Helping Hands Day in Brazil Benefits All

  • 8 August 2011

Article Highlights

  • 2011 is the 12th anniversary of the Mormon Helping Hands program in Brazil.
  • On July 30, 120,000 Helping Hands volunteers participated in a national day of service in Brazil.
  • Earlier this year, the First Presidency invited all Church units everywhere to commemorate the 75th anniversary of the Church welfare plan by organizing their own day of service.

On July 30, 2011, yellow vests dominated the scene at hundreds of service projects across Brazil in celebration of the 12th anniversary of Mormon Helping Hands, a program of The Church of Jesus Christ of Latter-day Saints that seeks to provide community service and disaster relief to those in need.

Mormon Helping Hands actually originated in Brazil (“Maos aue Ajudam”) as a way to acquaint friends and neighbors with the Church’s humanitarian efforts. It has now become a major annual event.

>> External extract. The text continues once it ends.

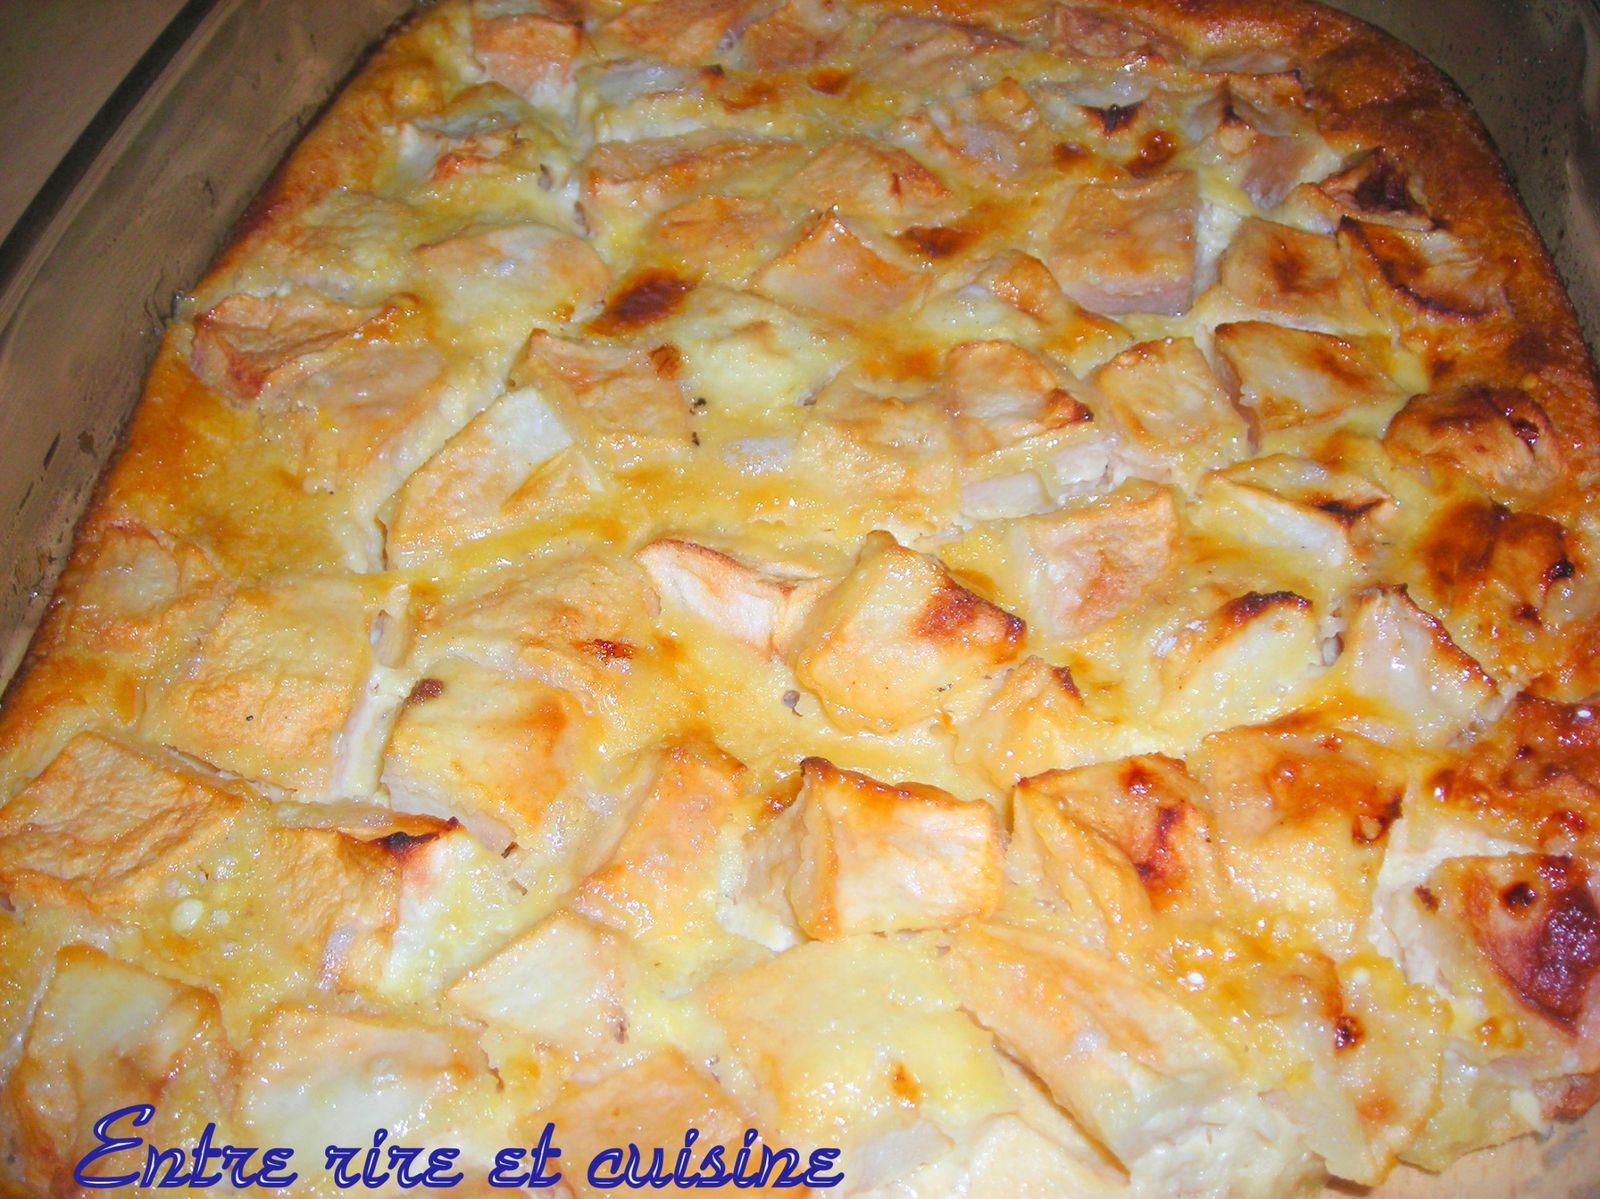 Clafoutis aux pommes et caramel au beurre sal entre - Entre rire et cuisine ...

This year’s day of service was filled with singing, laughing, and applause as 120,000 men, women, and children swept streets, cleaned schools, repaired buildings, beautified parks, and participated in other service projects in Latin America’s largest, most populated country. Church members partnered with community members to provide service that will benefit everyone.

In Belo Horizonte, Recife, and Bahia, more than 6,000 volunteers mobilized to fight dengue fever. In Rio de Janeiro, volunteers cleaned up public schools and day care centers. In Porto Alegre, 1,500 volunteers cleaned schools and some participated in lectures on drug use prevention.

Elsewhere, members delivered clowns made from recycled materials to be handed out to children in daycares, clinics, shelters, etc.

Over the two months prior to the service day, more than 500 volunteers worked to collect donated food, which was given to 175 needy families in Sao Jose on July 30.

Church members in Blumenau donated approximately 300 pounds of food to Casa de Apoio às Crianças Portadoras de Mielomeningocele e Neoplasia (“House in Support of Children with Spina Bifida, and Neoplasia”). Volunteers also taught basic principles of food storage to the institution.

“The techniques we learned will help us to keep food in our pantry, since much of our food spoils in the moist environment,” social worker Adriane J. Backes Ruoff said.

A few Helping Hands projects took place in advance of the July 30 volunteer day.

In February, more than 1,000 Latter-day Saints and friends of the Church took to the mountain region of Nova Friburgo, a municipality in the state of Rio de Janeiro, wielding brooms, shovels, and wheelbarrows to clean the city’s streets, hospitals, and schools, after a rash of devastating floods and landslides in January.

Through Mormon Helping Hands, Latter-day Saints have also pitched in at other times and in many areas of the world to clean and beautify communities. Thousands of volunteers have donated millions of hours of service.

Not only does Mormon Helping Hands help the needy and improve communities, the Helping Hands website reads, it can strengthen Church members, provide an opportunity to share the gospel indirectly, help develop relationships between Church leaders and government officials, and enhance the reputation of the Church.

Last year, more than 100,000 Latter-day Saint volunteers and friends of the Church gathered along the Copacabana Beach in southeast Brazil to help pick up and clean up.

In 2009, on the 10th anniversary of the program, Senator Alvaro Dias, a member of the Brazilian Federal Legislature, said of the service day, “A gesture is worth more than a thousand words. … This gesture has a lot of power to practice what you preach like the Church does here.”

Earlier this year, the First Presidency invited all Church units everywhere to commemorate the 75th anniversary of the Church welfare plan by organizing their own day of service.